Reputation: 2635
I need to load this in to a CSV file. And want to preserve the formatting in the spreadsheet by adding two commas at the end of a "-----" instead of one.
CASPER_CD_UNIAPP1_NETPROBE_PS ----- 07/12/2017 01:54:31 OI 45976571/4 -655
CASPER_CD_REFD_RESTRICTED_SYM_PS ----- ----- OI 0/0
CASPER_CD_OPT_BILL_GEN_FEED_PS 12/12/2017 04:01:22 12/12/2017 04:01:22 OI 88970489/1 0
CASPER_CD_EOD_S3FTP_PS 07/20/2017 22:30:45 07/20/2017 22:32:27 OI 71030819/1 0
CASPER_CD_RPTS_SEND_PANAGORA_PS 11/28/2017 16:47:20 11/28/2017 16:47:22 OI 87295557/1 0
CASPER_BD_USDM_MAAS_PS 06/06/2016 21:00:39 06/06/2016 21:07:24 OI 24884239/1 1
CASPER_CD_USDM_MAAS_EXTR_LOAD_PS 06/06/2016 21:40:50 06/06/2016 21:45:57 OI 24884239/2 1
I have been using this one - liner:
$ grep _PS totalAutosysjobs.20171219 | grep OI | awk '{ print $1", " $2 ", " $3 ", " $4 ", " $5 ", "$6 ", "$7 ", " $8 } ' | tr "\-\-\-\-\-\," "\-\-\-\-\-\, \,"
The tr which usually works, did not
| tr "-----," "-----, ,"
tr: unrecognized option `-----,'
| tr "'-----,'" "'-----, ,'"
escaping out the contents of tr does not work either , so I used
sed -e s/'-----,'/'-----, ,'/g
Is there a way, in awk, or pure bash to add two commas to the end of "-----" do this inside of the script, instead of doing it to the results of a first command ?
Like:
"if field $1 =~ "-----" please add two commas to end of "-----, ,"
else " just add one comma".
Upvotes: 1
Views: 82
Reputation: 113824
Try:
awk '{$1=$1; gsub(/-----/,"-----,")} 1' OFS=, inputfile
$ awk '{$1=$1; gsub(/-----/,"-----,")} 1' OFS=, inputfile
CASPER_CD_UNIAPP1_NETPROBE_PS,-----,,07/12/2017,01:54:31,OI,45976571/4,-655
CASPER_CD_REFD_RESTRICTED_SYM_PS,-----,,-----,,OI,0/0
CASPER_CD_OPT_BILL_GEN_FEED_PS,12/12/2017,04:01:22,12/12/2017,04:01:22,OI,88970489/1,0
CASPER_CD_EOD_S3FTP_PS,07/20/2017,22:30:45,07/20/2017,22:32:27,OI,71030819/1,0
CASPER_CD_RPTS_SEND_PANAGORA_PS,11/28/2017,16:47:20,11/28/2017,16:47:22,OI,87295557/1,0
CASPER_BD_USDM_MAAS_PS,06/06/2016,21:00:39,06/06/2016,21:07:24,OI,24884239/1,1
CASPER_CD_USDM_MAAS_EXTR_LOAD_PS,06/06/2016,21:40:50,06/06/2016,21:45:57,OI,24884239/2,1
$1=$1
This fools awk into thinking that every line has been changed.
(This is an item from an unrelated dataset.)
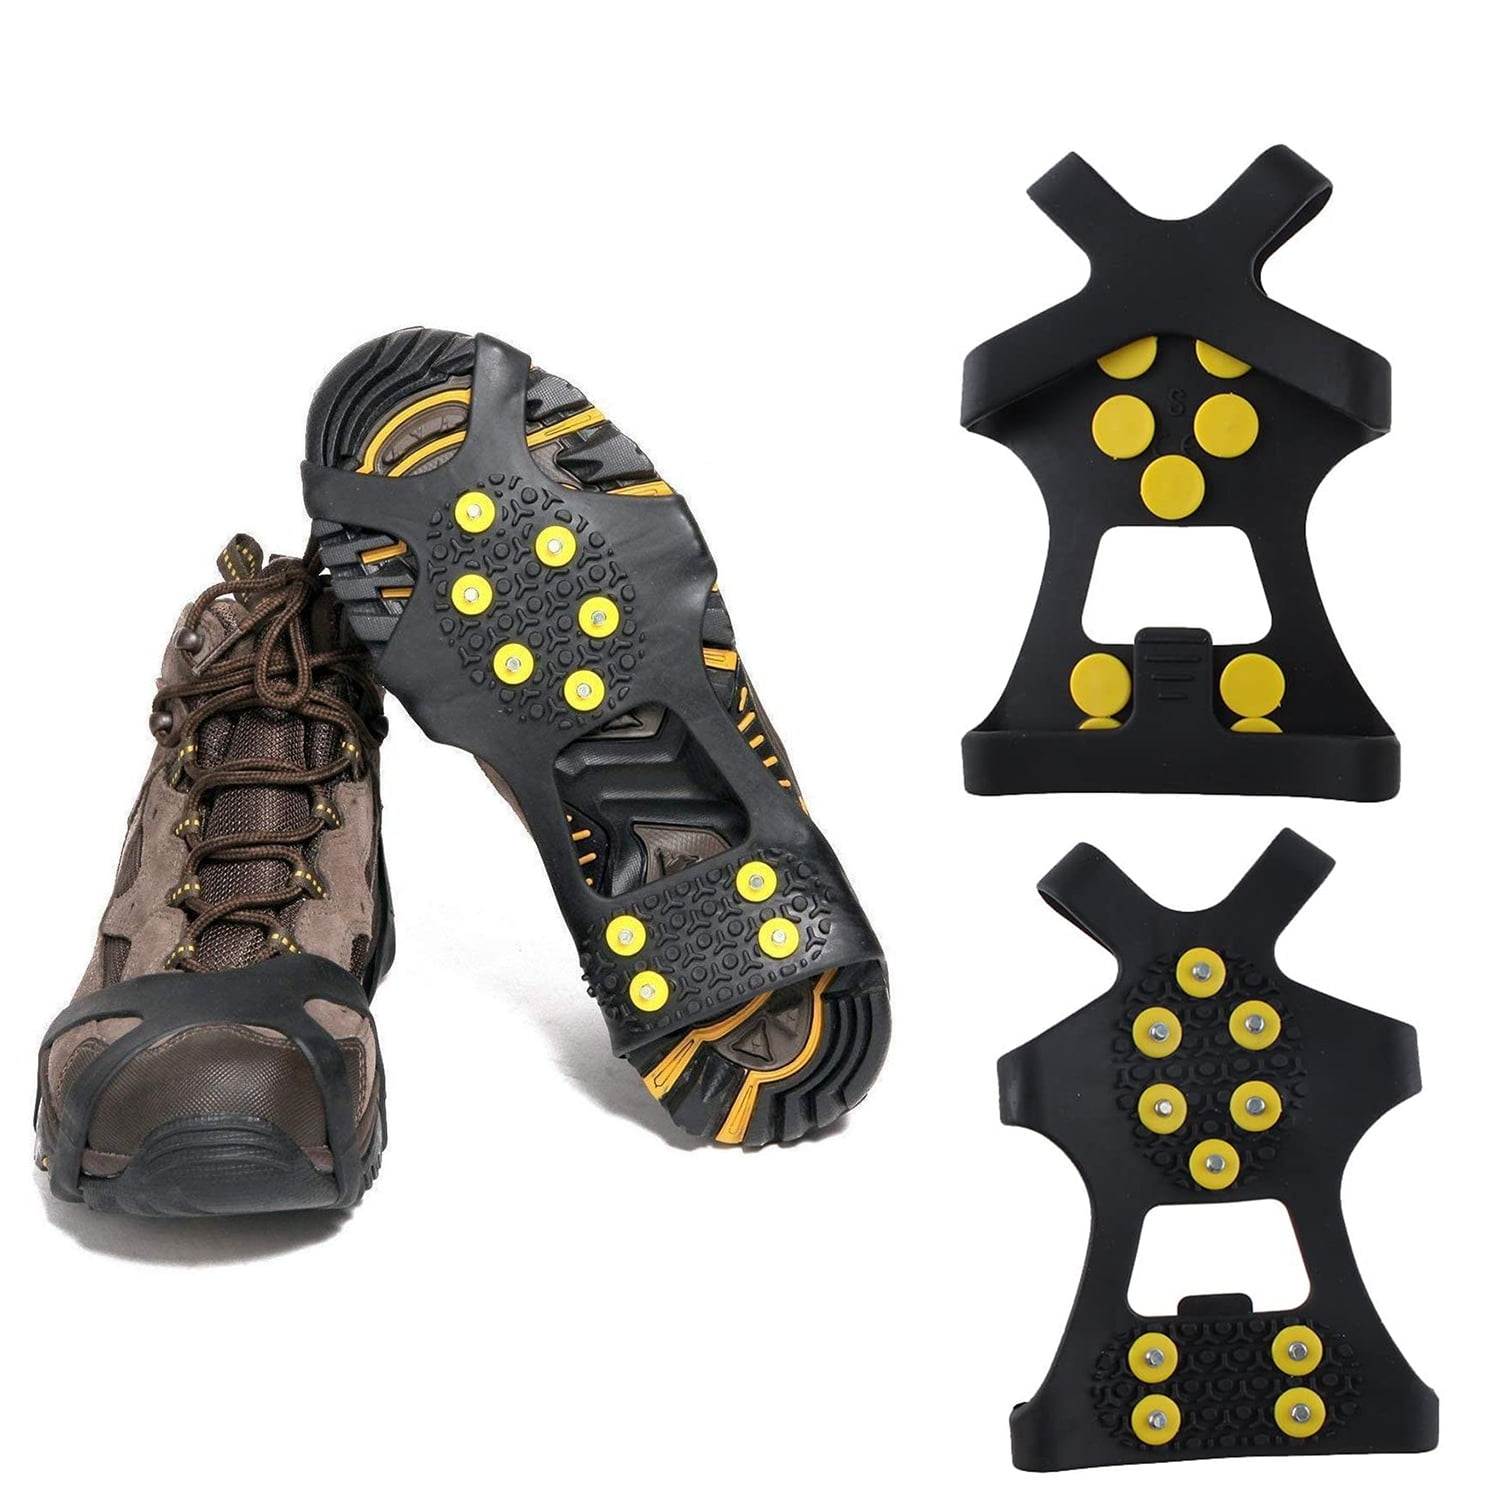 Ice Snow Anti Slip Spike-s Grips Grippers Crampon Cleats For Shoes Boot Overshoe 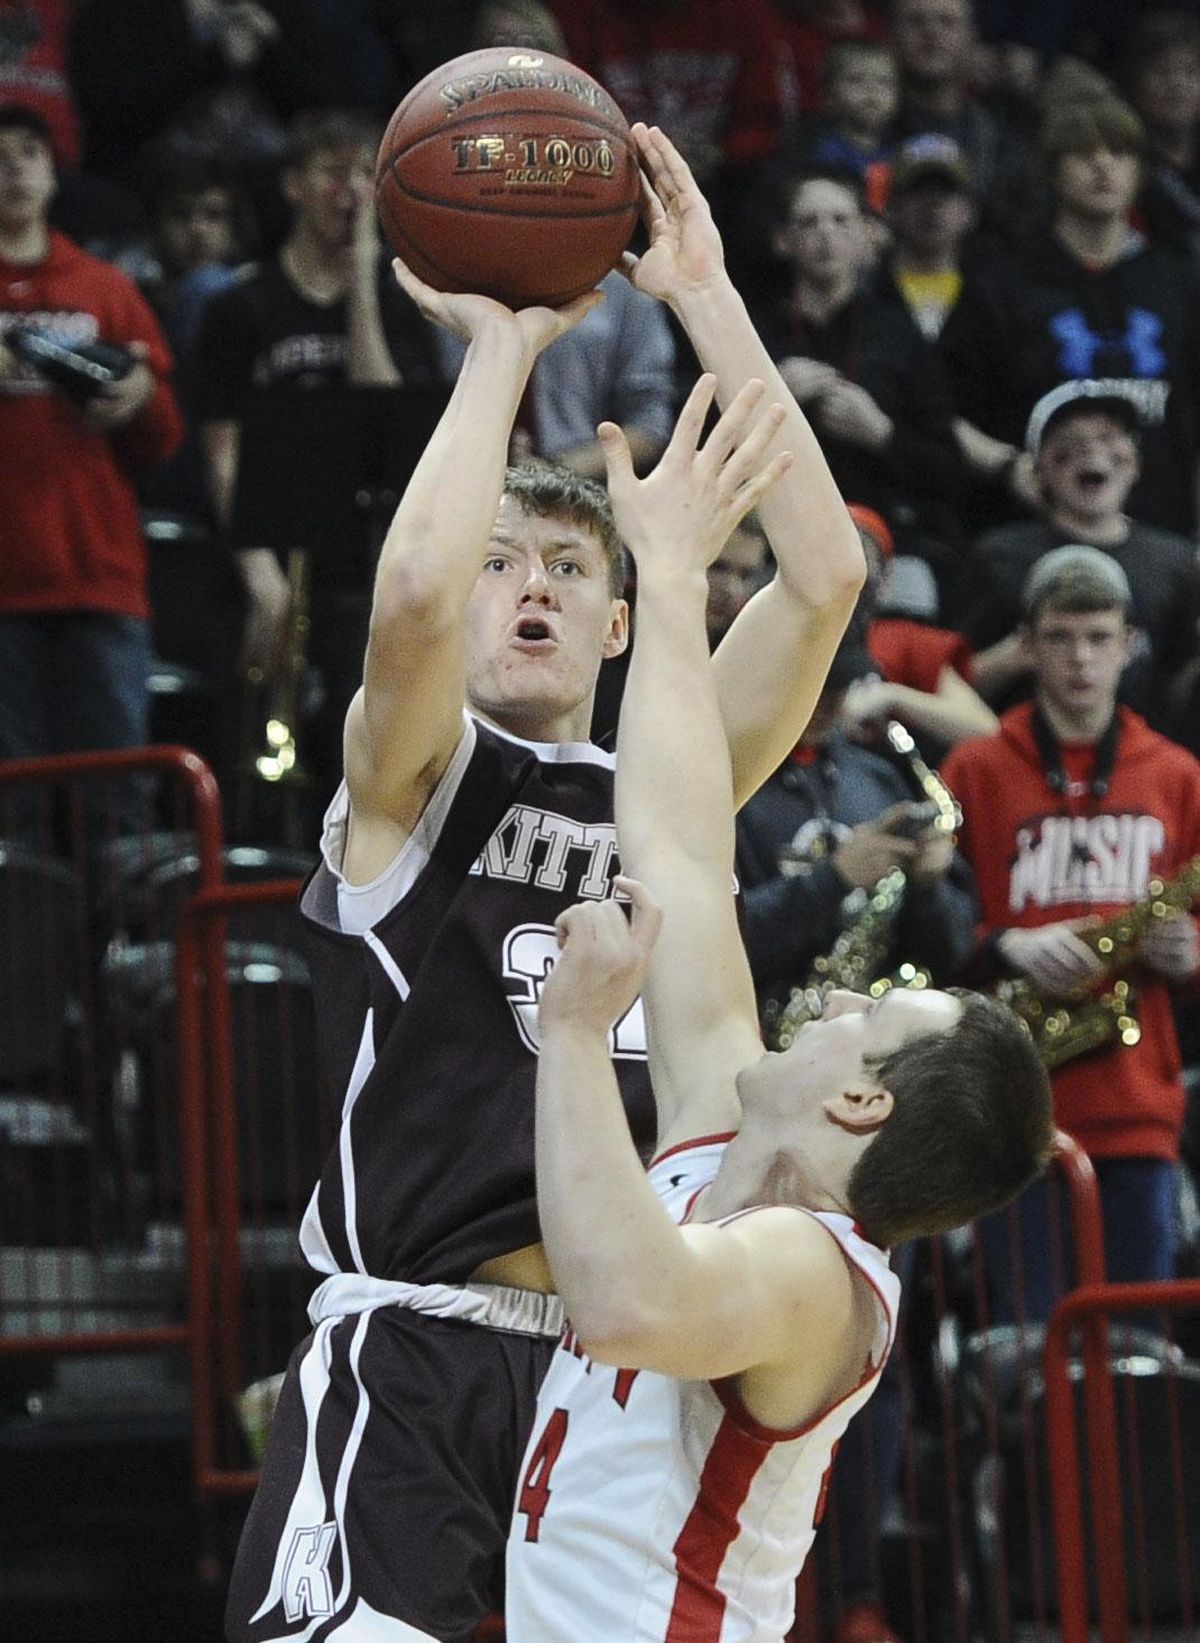 Kittitas guard Brock Ravet shoots over a Liberty defender in the State 2B championship game at the Spokane Arena. (Tyler Tjomsland / The Spokesman-Review)

As a consequence, awk will apply the new output field separator to every line.
gsub(/-----/,"-----,")
Add a comma to the end of each appearance of -----
1
Print the line.
OFS=,
Use a comma as the output field separator.
As suggested by karakfa, a variation on the above is:
awk '{gsub(/-----/,"&"OFS); $1=$1} 1' OFS=, inputfile
Here "&"
means the captured text and "&"OFS
means the captured text followed by the output field separator.
$ sed -E 's/-----/&,/g; s/[[:space:]]+/,/g' inputfile
CASPER_CD_UNIAPP1_NETPROBE_PS,-----,,07/12/2017,01:54:31,OI,45976571/4,-655
CASPER_CD_REFD_RESTRICTED_SYM_PS,-----,,-----,,OI,0/0
CASPER_CD_OPT_BILL_GEN_FEED_PS,12/12/2017,04:01:22,12/12/2017,04:01:22,OI,88970489/1,0
CASPER_CD_EOD_S3FTP_PS,07/20/2017,22:30:45,07/20/2017,22:32:27,OI,71030819/1,0
CASPER_CD_RPTS_SEND_PANAGORA_PS,11/28/2017,16:47:20,11/28/2017,16:47:22,OI,87295557/1,0
CASPER_BD_USDM_MAAS_PS,06/06/2016,21:00:39,06/06/2016,21:07:24,OI,24884239/1,1
CASPER_CD_USDM_MAAS_EXTR_LOAD_PS,06/06/2016,21:40:50,06/06/2016,21:45:57,OI,24884239/2,1
$ while read -a line; do (IFS=,; printf "%s\n" "${line[*]//-----/-----,}"); done <inputfile
CASPER_CD_UNIAPP1_NETPROBE_PS,-----,,07/12/2017,01:54:31,OI,45976571/4,-655
CASPER_CD_REFD_RESTRICTED_SYM_PS,-----,,-----,,OI,0/0
CASPER_CD_OPT_BILL_GEN_FEED_PS,12/12/2017,04:01:22,12/12/2017,04:01:22,OI,88970489/1,0
CASPER_CD_EOD_S3FTP_PS,07/20/2017,22:30:45,07/20/2017,22:32:27,OI,71030819/1,0
CASPER_CD_RPTS_SEND_PANAGORA_PS,11/28/2017,16:47:20,11/28/2017,16:47:22,OI,87295557/1,0
CASPER_BD_USDM_MAAS_PS,06/06/2016,21:00:39,06/06/2016,21:07:24,OI,24884239/1,1
CASPER_CD_USDM_MAAS_EXTR_LOAD_PS,06/06/2016,21:40:50,06/06/2016,21:45:57,OI,24884239/2,1
Consider this python script:
#!/usr/bin/python3
with open('inputfile') as fhandle:
for line in fhandle:
print(','.join(word for word in line.replace("-----","-----,").split()))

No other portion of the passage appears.